# Tunnel redo



## placitassteam (Jan 2, 2008)

Ten years ago when I built my railroad the trains were smaller so I built tunnels to fit. Now I and my friends are getting larger locomotives and some of them will not fit through the tunnels. The width is adequate but the height is to low. Therefore I have begun to raise the roof! I have 2 tunnels, one four footer and one 20 footer. The long one is actually 2 four footers with a hidden open space in between so the fix is to redo the 3 four foot sections. Here is the entrance to the 20 foot tunnel.









A closer view showing the height as about 8 3/8 inches.









This is the entrance to the short tunnel with the over burden removed.









I found that I had glued everything together with LiquidNails and could not get the roof off. The solution was to cut out the center section of the roof as shown below.

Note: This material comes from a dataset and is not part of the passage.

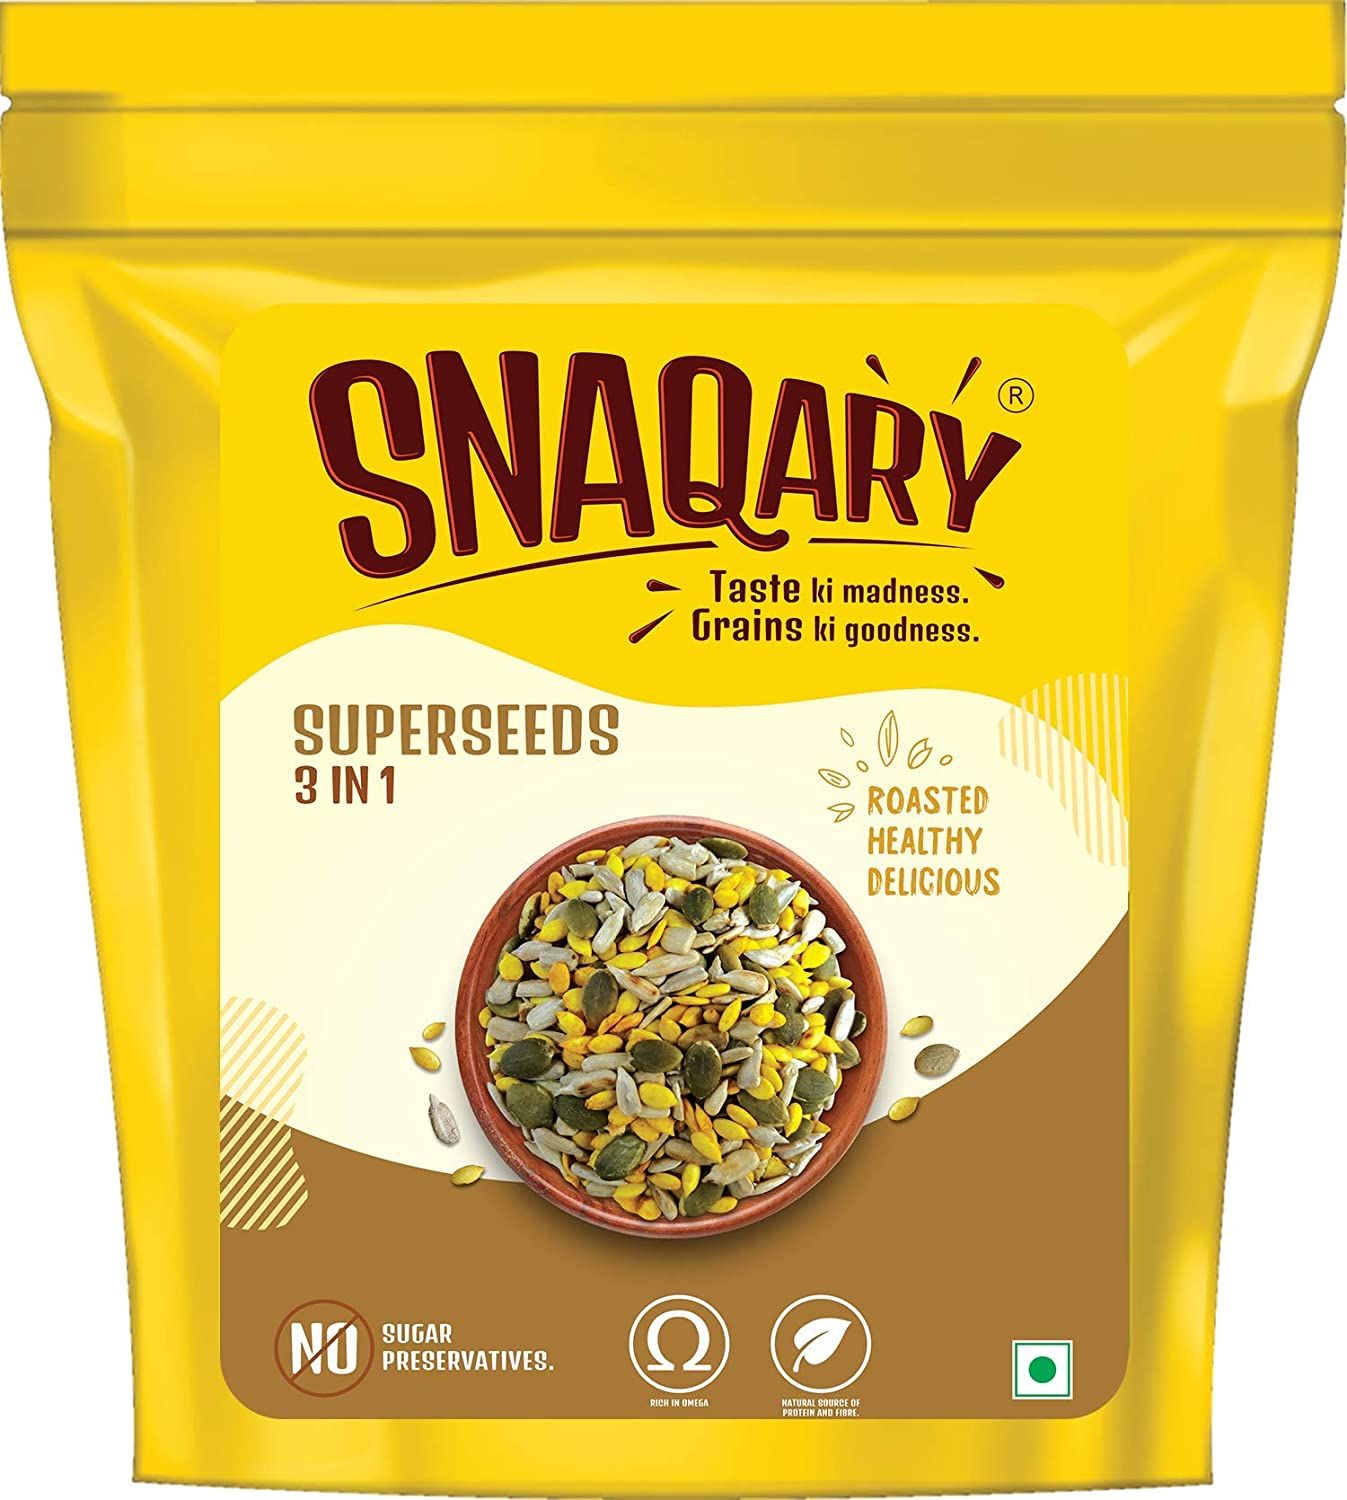 Snaqary Super Seeds 3 in 1 Image

I used a Skill saw with a dry diamond blade to make the cuts.









Placing the new roof on top of the remaining old roof edges resulted in approximately 2 inches of additional head space.









More to come on this project!


----------



## Wesley Furman (Jan 2, 2008)

Winn,
I know we talked about your tunnel rebuild but I didn't realize the magnitude of the earth work. My narrow mind was focused on the single south tunnel. Numbers I got from Roger and his Farymead was 5.75" wide, 8.25" tall. Looks like more than enough room. 
Saw cut looks great, did you glue the new roof blocks in place?
Wesley


----------



## David Leech (Dec 9, 2008)

This all of course brings up an interesting point - just how large is the largest loco running on Gauge 1 track right now.
BY large, I guess I mean TALL and WIDE.
I have to rework what is more of a bridge than a tunnel, having realigned the track under, and discovered that I have about 7" clearance at one end, but only 6" at the other.
Now since my railway is a 1/32 scale railway, and will not 'normally' have narrow gauge running, I do however feel that I need to welcome my narrow minded friends and make enough room for at least one track to be used by them.
So is the 8.25" the tallest loco that is running right now?
All the best,
David Leech, Delta, Canada


----------



## Totalwrecker (Feb 26, 2009)

David,
I suggest making a foam block the size of the largest foreign equipment visitor you will encounter. Put trucks under it and roll it around. A sierra passenger car isn't much larger than a boxcar, but the inside over hang on a curve called out the chainsaw to modify a portal.... The boxcar fooled me.
Added length changes the overhang....
Large= Tall, Wide and LENGTH
Happy Rails
John


----------



## SD90WLMT (Feb 16, 2010)

Best to look and see how tall a K-36 or K-37 might be....they are some of the current "Large" n.g. locos on the market..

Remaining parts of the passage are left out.